Эти сборы снова поразили меня и остались в памяти лучше многого другого.

(Приглашаю моего друга-психолога П.Е. Астафьева прочесть, что за этим следует, и объяснить: «почему это так?»… У него на все подобное есть готовые ответы, которые я люблю выслушать, и хотя половины не понимаю, но возлагаю всегда упование «на словеса учителя!»)

Когда мы сели, как мы поехали, – не помню, и вообще обоих спутников моих с этой минуты около себя не помню. Лиц и фигур их больше не вижу. А вижу вот что: нас уж не трое, а больше двадцати человек казаков, все моего 45-го полка, едут шагом по степи все на запад и на запад; и я с ними. Над ними начальствует молодой донской офицер; у него небольшие темные усы и довольно хитрое и приятное выражение лица. Мы едем; нам идет навстречу огромное стадо прекрасных крымских овец… с ним пастух

Кто-то спрашивает: «Чье стадо?»

Кто-то отвечает: «Багера».

А я знал еще прежде, что Багер – испанский консул ad honores в Керчи, человек, кажется, торгующий и богатый. У него где-то здесь недалеко имение…

– Какие хорошие овцы, – говорю я, – и как их много у него… Вот бы взять одну с собой да изжарить. О сю пору уж есть хочется… А что мы будем в степи этой целый день есть?..

Это все я же говорю… Казаки молчат, офицер ни слова… Стадо жмется около наших лошадей.

Тогда я, одушевленный мыслью, что теперь война и это все защитники, а я голодный врач этих защитников, восклицаю, повелительно обращаясь к ближнему из всадников наших с такими словами:

– Ну, что смотришь, брат! Бери, чего зевать! У Багера много… Теперь война. Ведь нам тоже есть надо…

Молодой офицер, не осмелившийся сам на подобное распоряжение, стыдливо, но сочувственно улыбнулся и плутовски взглянул на меня, не возражая ни слова…

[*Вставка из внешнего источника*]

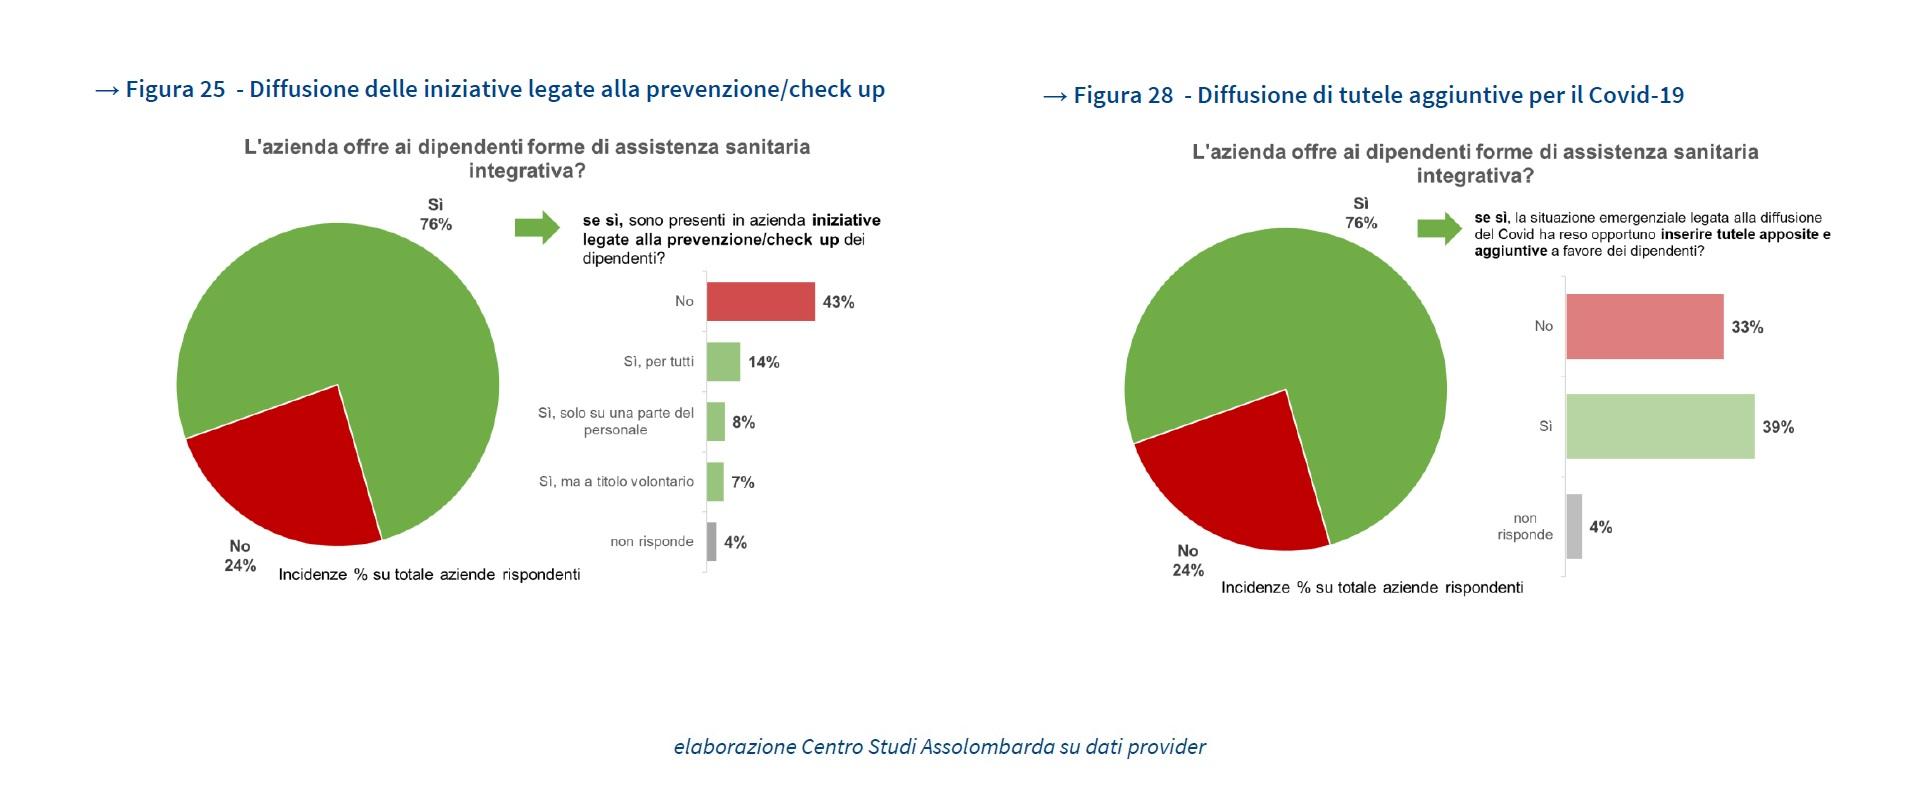 osservatorio ASSOLOMBARDA welfare aziendale 2021- iniziative legare sanità - covid

Казак тотчас же соскочил с коня, схватил овцу и устроил ее бережно перед собою на седле.

Татарин-пастух не позволил себе сказать ни слова.

Московская «цивилизация», в лице вдохновенного «военным положением» доктора, взяла верх над тщетно и давно прививаемой донским войскам правильной дисциплиной…

Мы немного позднее съели часть этой овцы с сотником 1-й сотни И-м и др. офицерами, а другую часть оставили казакам.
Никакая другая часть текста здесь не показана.